Annotating images with control points is useful in many application areas. Applications include automatic lip synching [1], "in-betweening" for animation, bootstrapping annotated databases, interactive video, image segmentation, video compositing, view-based model capture [2], and automatic image morphing [3].

Each of these applications needs the image locations of fiduciary points. Control points mark these image locations. (A fiduciary point is a specific location on an object's surface. The control point marks its image-plane location. For example, we might designate the outside left corner of the lips as a fiduciary point on a face. Then, the control point marks (x,y) = (81,121), for example, as the image location where that point appears.) Most of these applications use a large number of highly inter-dependent control-point locations. For example, the morphs shown in Figure 1 use 235 control points placed around the face. We could try to locate each of these points using standard feature-spotting methods (e.g. eigen-features [4]). However, such an approach does not exploit the dependences between control-point locations. Instead, eigen-points searches for image features that are associated with a group of control points and then estimates the detailed spatial distribution of the control points around that feature.

Figure 1: Examples of image morphs using automatically placed correspondences
(A larger version of this image is linked to the small image shown here.)
The control-point locations for these morphs were estimated automatically by eigen-points. Constraints were placed around eyes, nose, mouth, chin and ears.

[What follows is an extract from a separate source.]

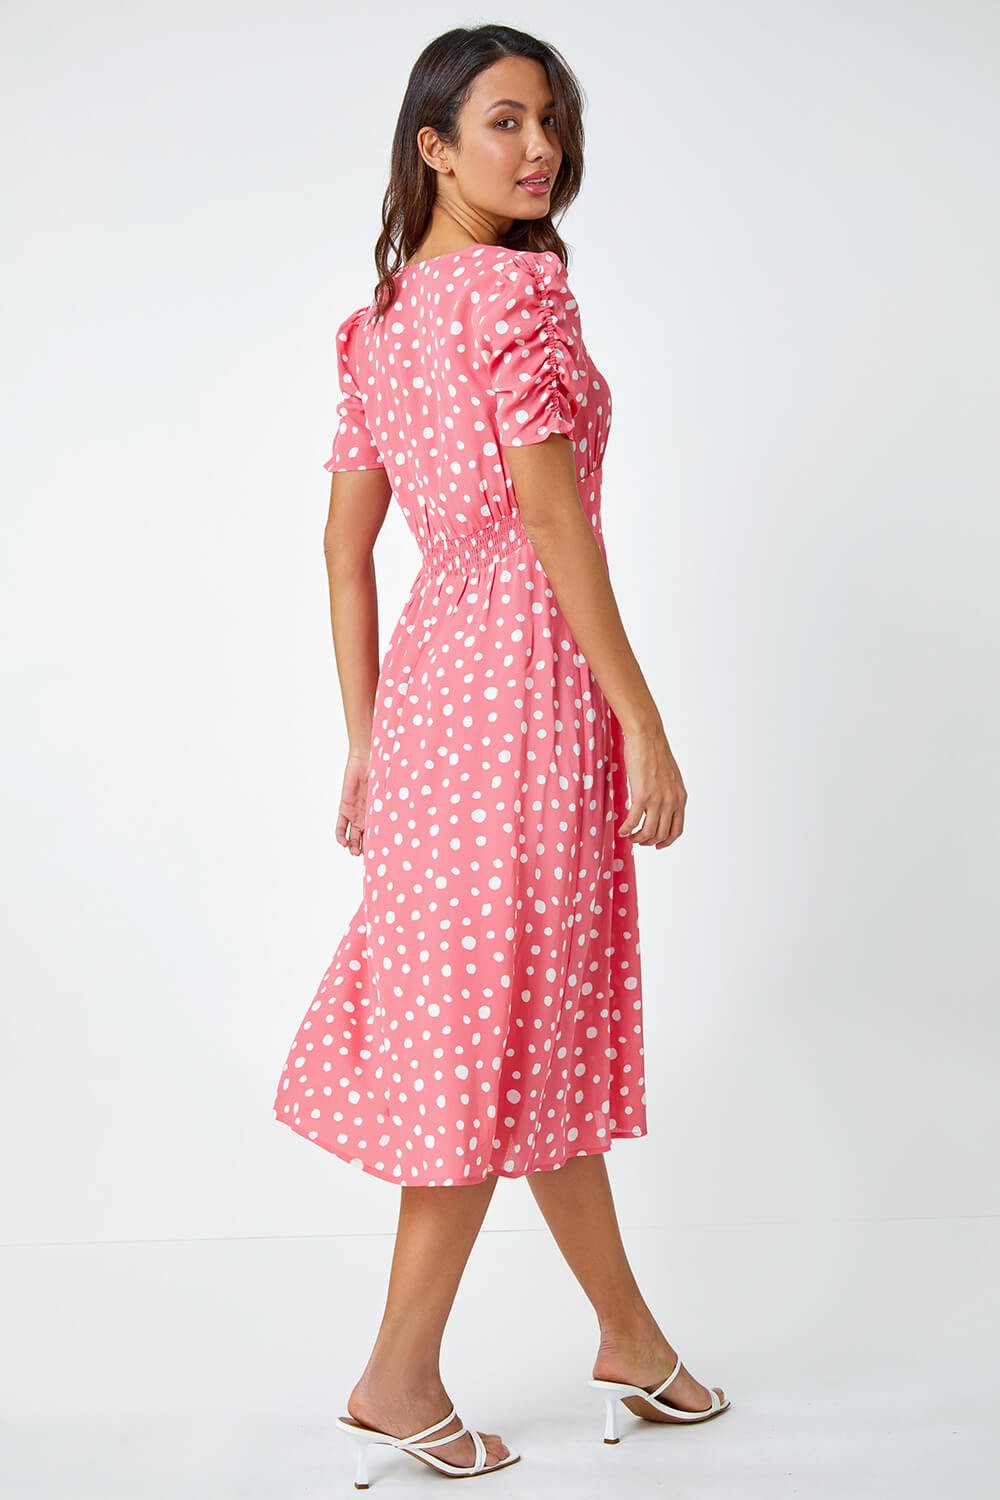 PINK Polka Dot Ruched Sleeve Midi Dress, Image 3 of 5

No constraints were placed on the hair.

The next section of this paper reviews previous approaches to placing control points on images of deformable objects. Section 3 outlines eigen-points, our approach to placing control points automatically. Section 4 presents our results using eigen-points. Finally, Section 5 summarizes the advantages and shortcomings of our approach.

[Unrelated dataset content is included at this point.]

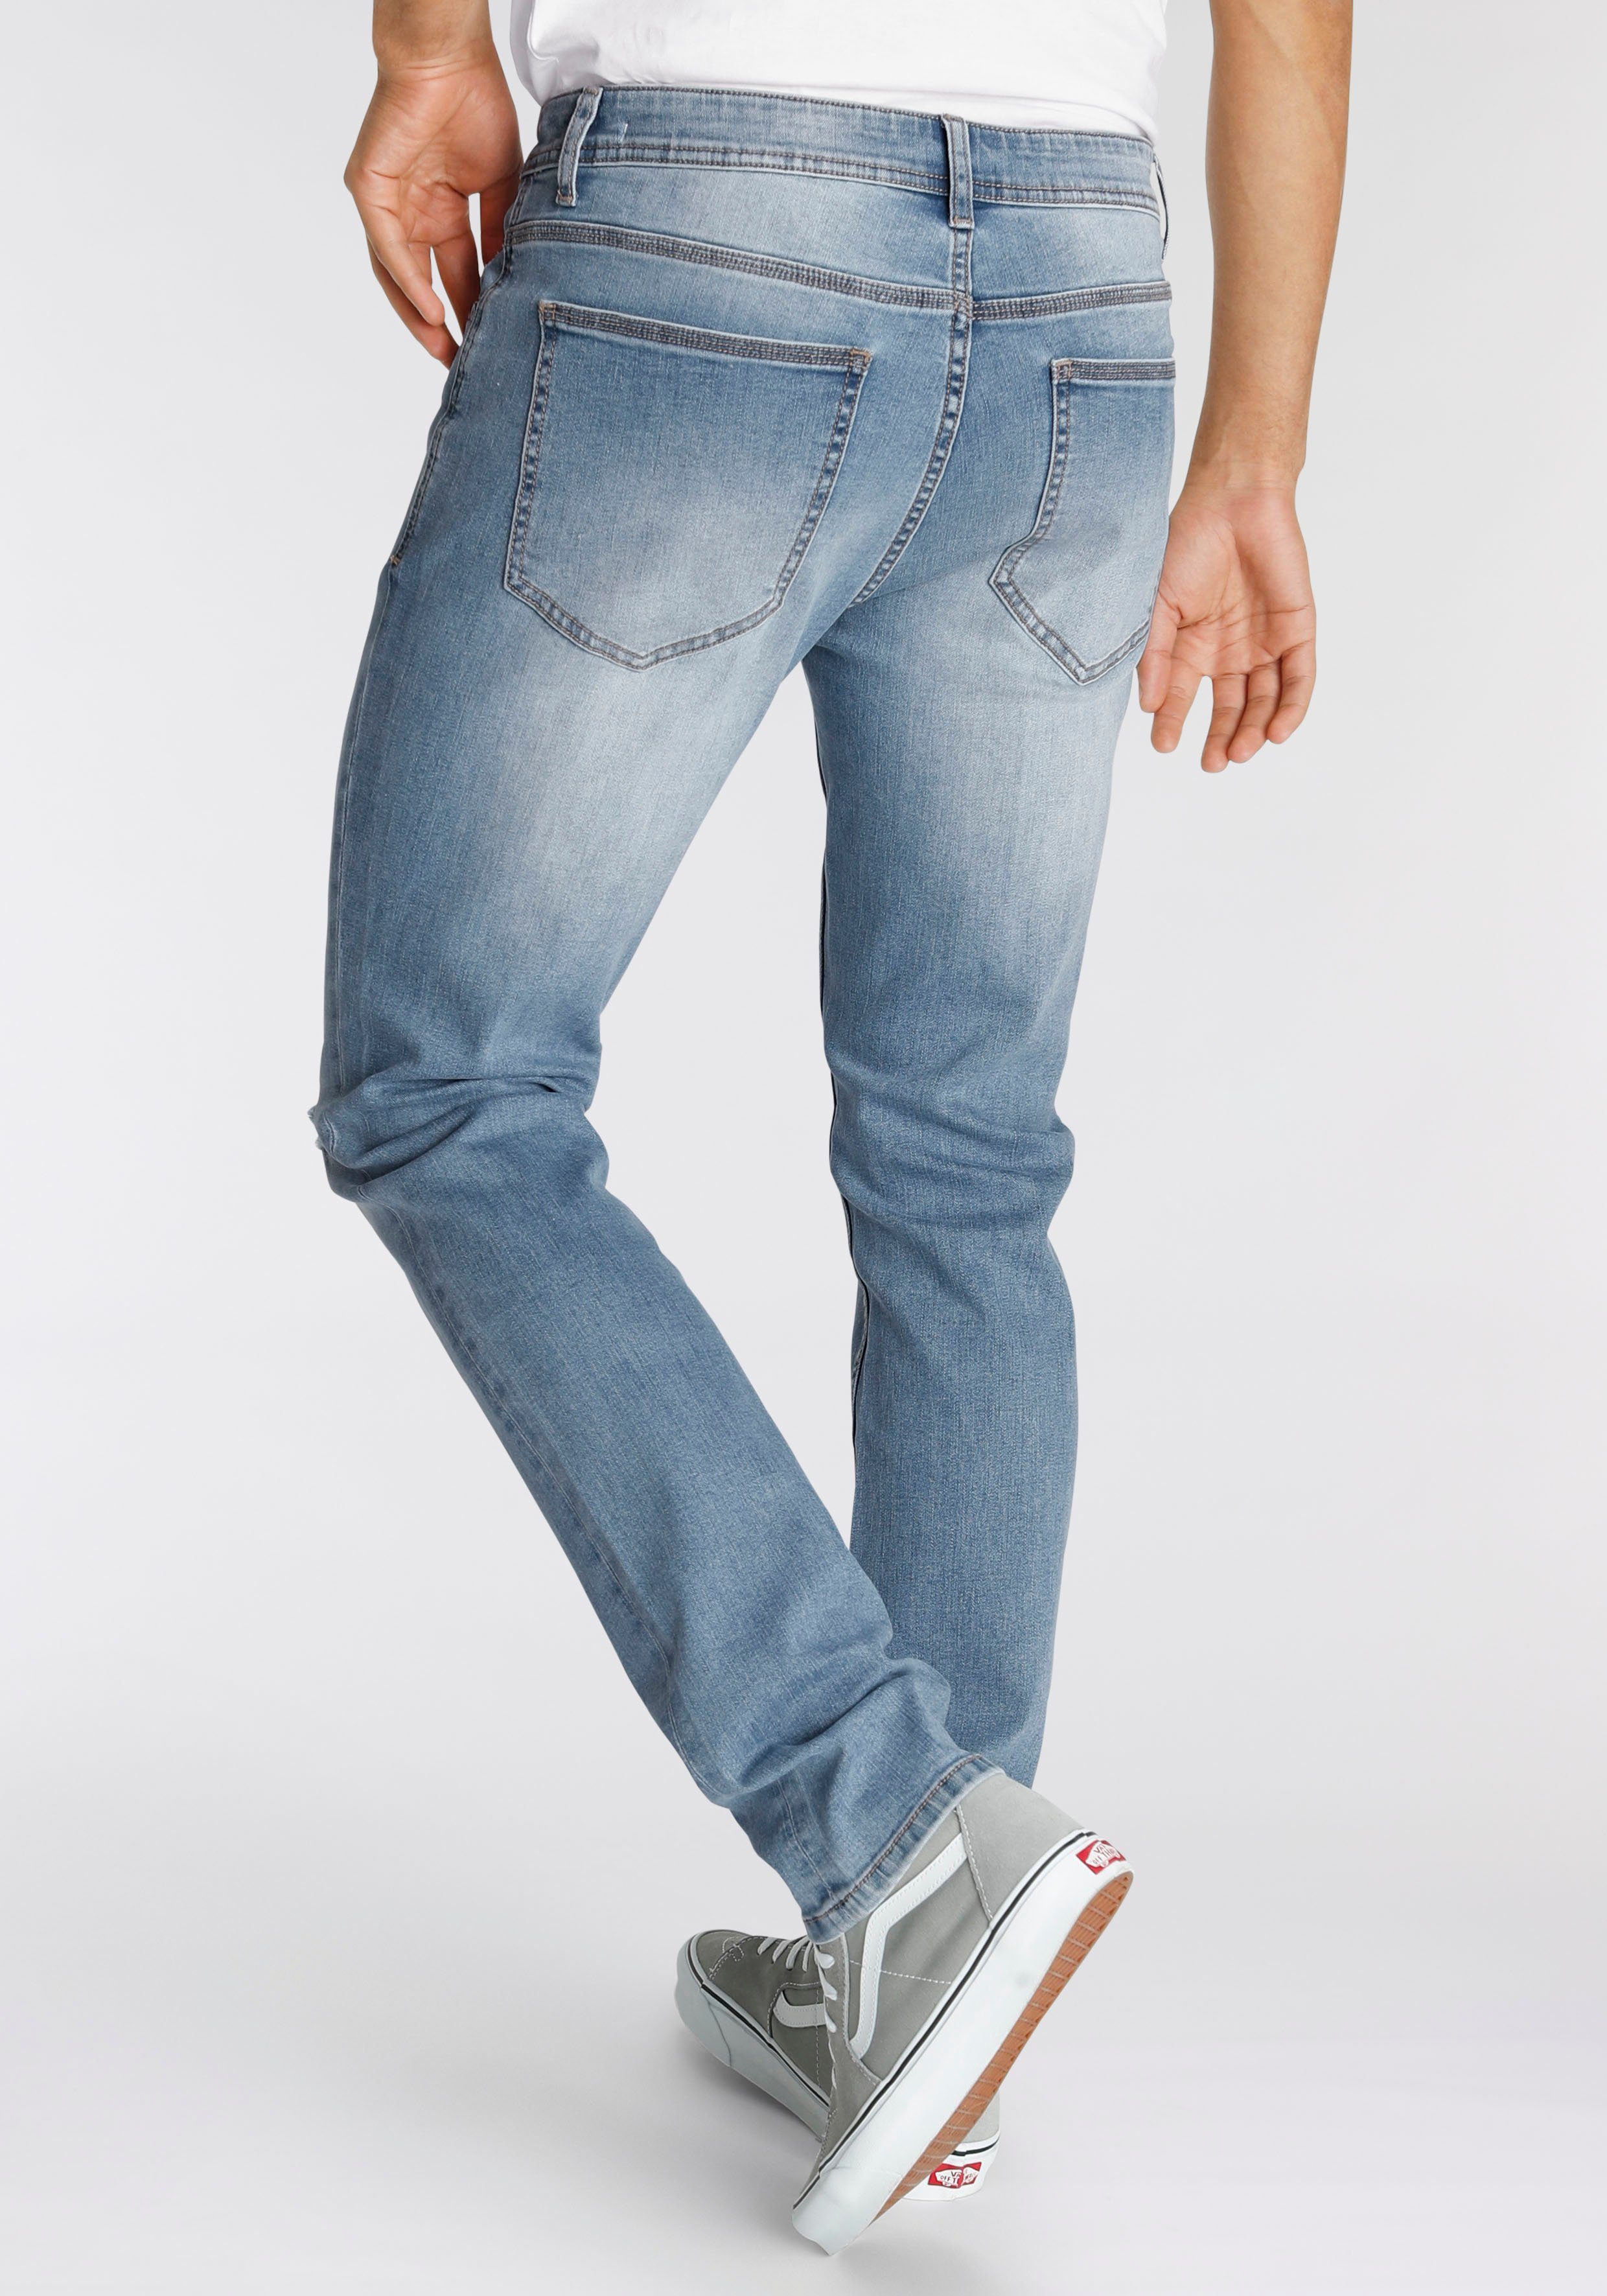 AJC Straight-Jeans mit Abriebeffekten light an Beinen den blue

2 Previous approaches to point location on images of deformable objects

Our earlier work in automatic image morphing [3,5] placed control points without detailed models of the image content, using general matching techniques. These approaches fail when the images are significantly different, since they rely on direct matching between the images. Furthermore, they do not allow annotated examples to improve future analyses.

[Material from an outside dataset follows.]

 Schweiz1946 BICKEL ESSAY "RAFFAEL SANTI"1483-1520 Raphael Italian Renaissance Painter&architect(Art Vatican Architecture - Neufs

Active contour models [6,7] estimate control-point locations along a contour or snake. Bregler et al. [7] propose an internal energy term to measure the distance between the estimated and expected shapes of the contour. This allows them to take advantage of example-based learning to constrain the estimated locations of these control points. However, there is no direct link between the image appearance (the external-energy term) and the shape constraints (the internal-energy term). This makes the discovery of "correct" energy functional an error-prone process.

Shape-plus-texture models [8,9] describe appearance using two separate reconstructive models: one for shape (e.g. contour locations) and one for shape-free texture. The shape-free texture descriptions model the grayscale values under object-centric sampling. Thus, the texture models do not describe the observed grayscale data, but instead describe the grayscale data resampled according to the estimated shape description. These shape-plus-texture approaches give simultaneous estimates for many control-point locations. They have well-defined example-based training methods and an error criteria derived from training. However, the texture models use an estimate of shape. Thus, they are forced to rely on iterative solutions to find consistent shape and texture estimates.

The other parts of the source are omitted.